One of our studies was on how Baltimore residents could eat more healthily and control high blood pressure (E. R. Miller III et al. Am. J. Prev. Med. 50, 87–95; 2016). We developed the programme with our community advisory board, a local grocery store, a health centre and the neighbourhood public library. In Baltimore, there is a 20-year gap in life expectancy between those who live in affluent neighbourhoods and those in poorer areas, such as areas surrounding Johns Hopkins Hospital. Heart disease is one of the largest contributors, and that is linked to diets high in salt and low in the micronutrients found in fresh food. The academics’ initial idea was to compare how combinations of dietary counselling, an income supplement and a patient-education brochure affected blood pressure.

Conversations with the community revealed problems with that research plan. Just talking about the benefits of fruit and vegetables would do nothing. The shops people could reach without taking several buses sell only prepackaged foods. If only some participants received an income supplement, more would drop out. So, we worked with the grocery store to deliver food orders to the local library, and gave the supplement to all participants. We had little attrition and got promising results.
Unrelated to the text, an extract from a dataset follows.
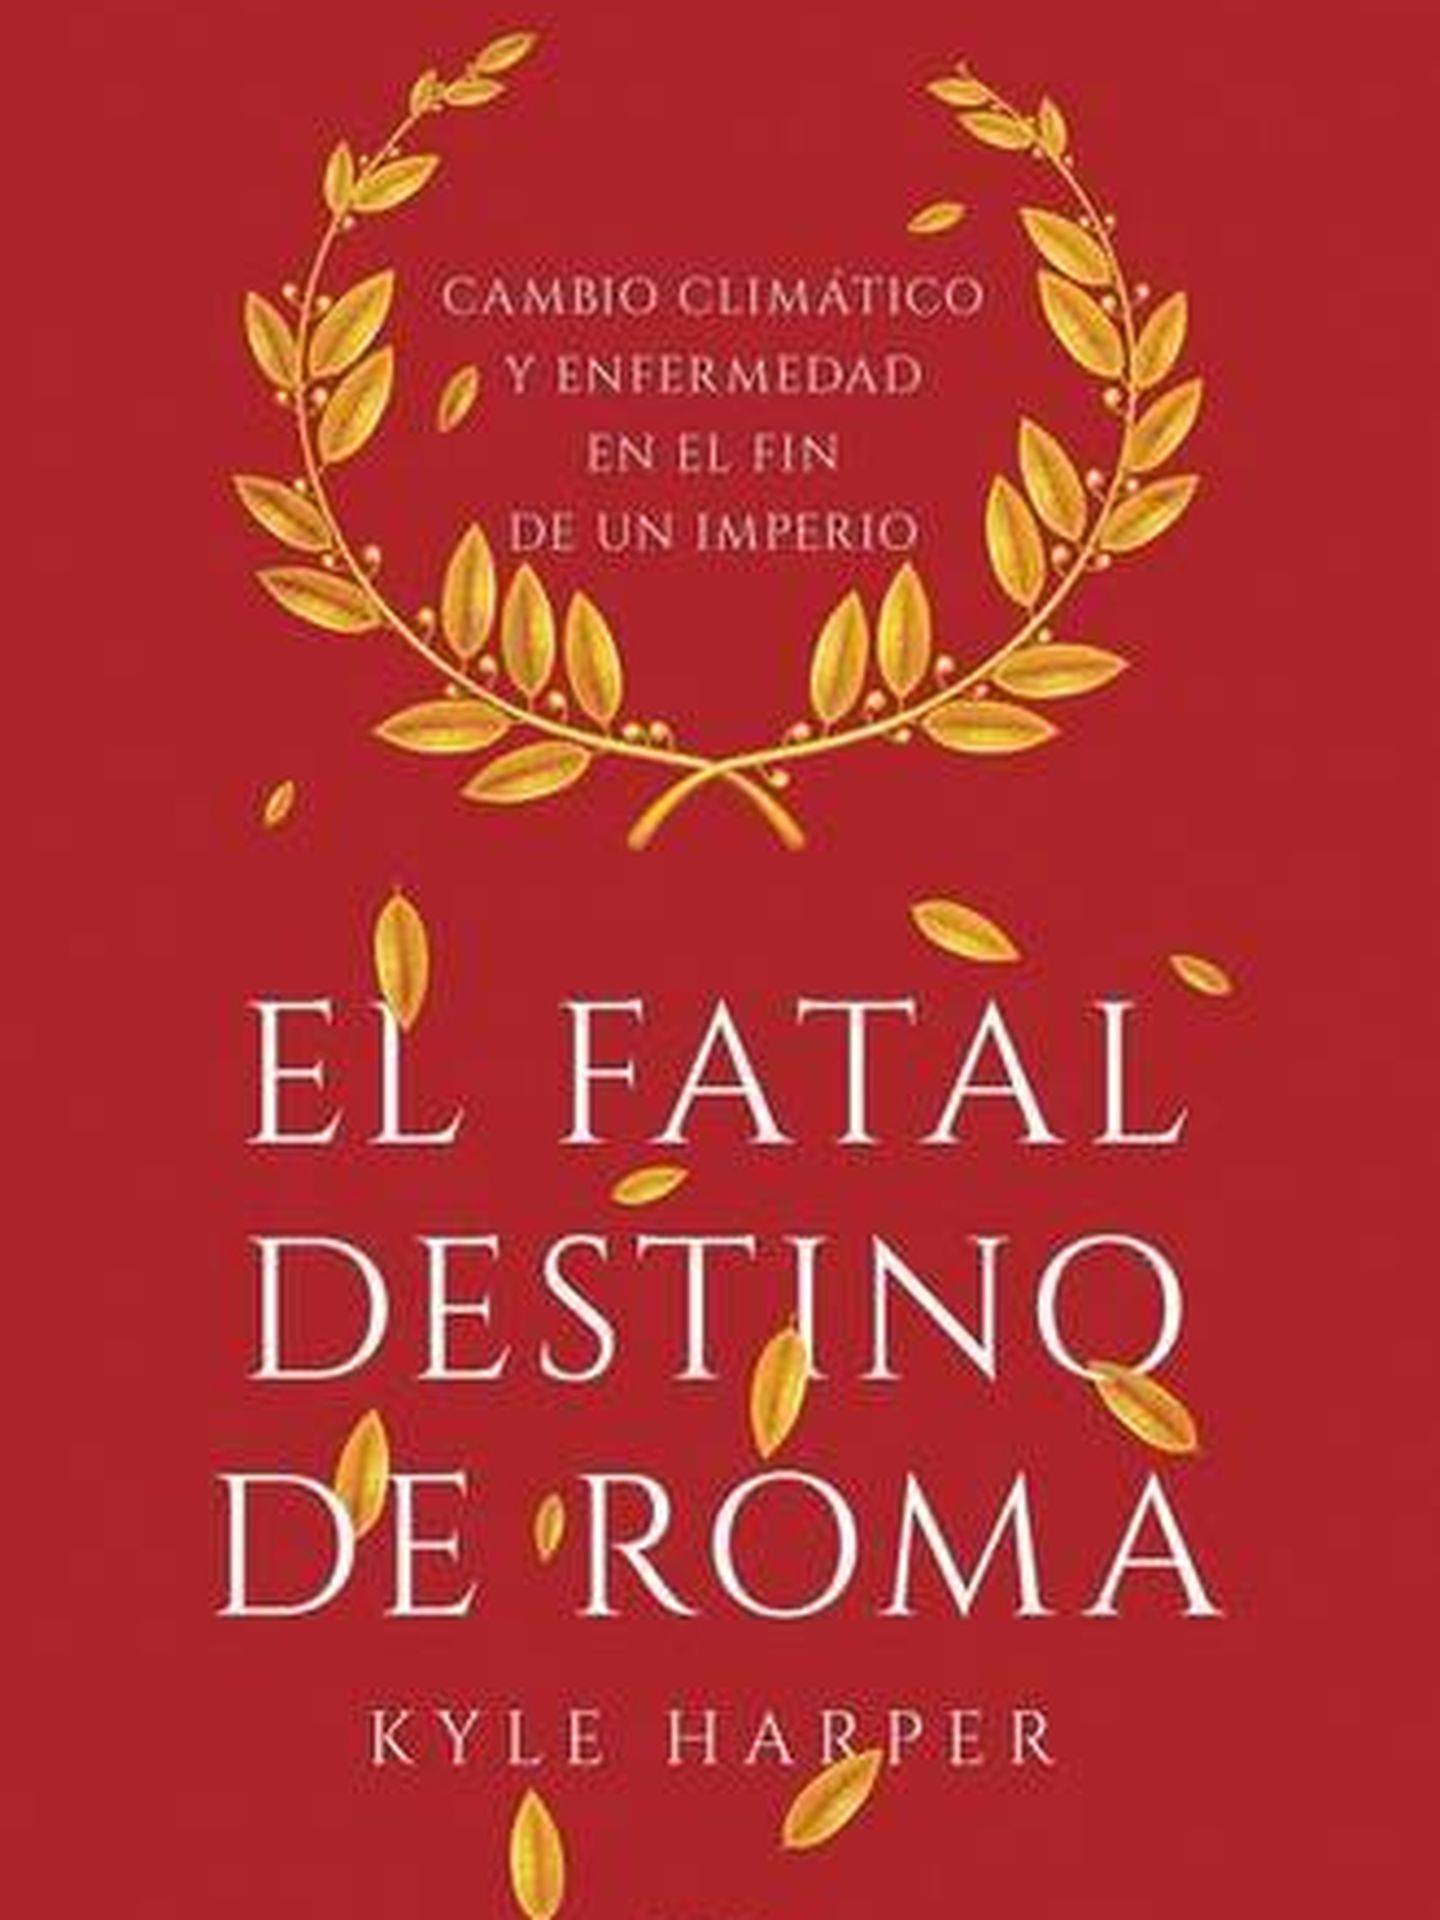 'El fatal destino de Roma'.

Now we are working with a government programme to add support for counselling, online grocery ordering, and food delivery.

A common mistake is to approach a community with a fully planned study, leaving room only for agreement. Better study designs result when researchers engage with community members early, listen respectfully to input and share leadership. Another pitfall is failing to acknowledge past harm done by scientists and institutions, and explaining how you will avoid repeating those mistakes. Yet another is taking people’s time, advice, data or other investments without giving anything back. Ask community members to support your work only if you will do the same for them.

I still have to explain over and over that what my team does is not only advocacy — it is science. Although engagement skills are underemphasized in our training, scientists and health researchers need them. Otherwise, we might do excellent work, but it won’t help those who need it. It is our duty to meet the needs of communities, just as much as to report accurate data or prescribe the correct medication.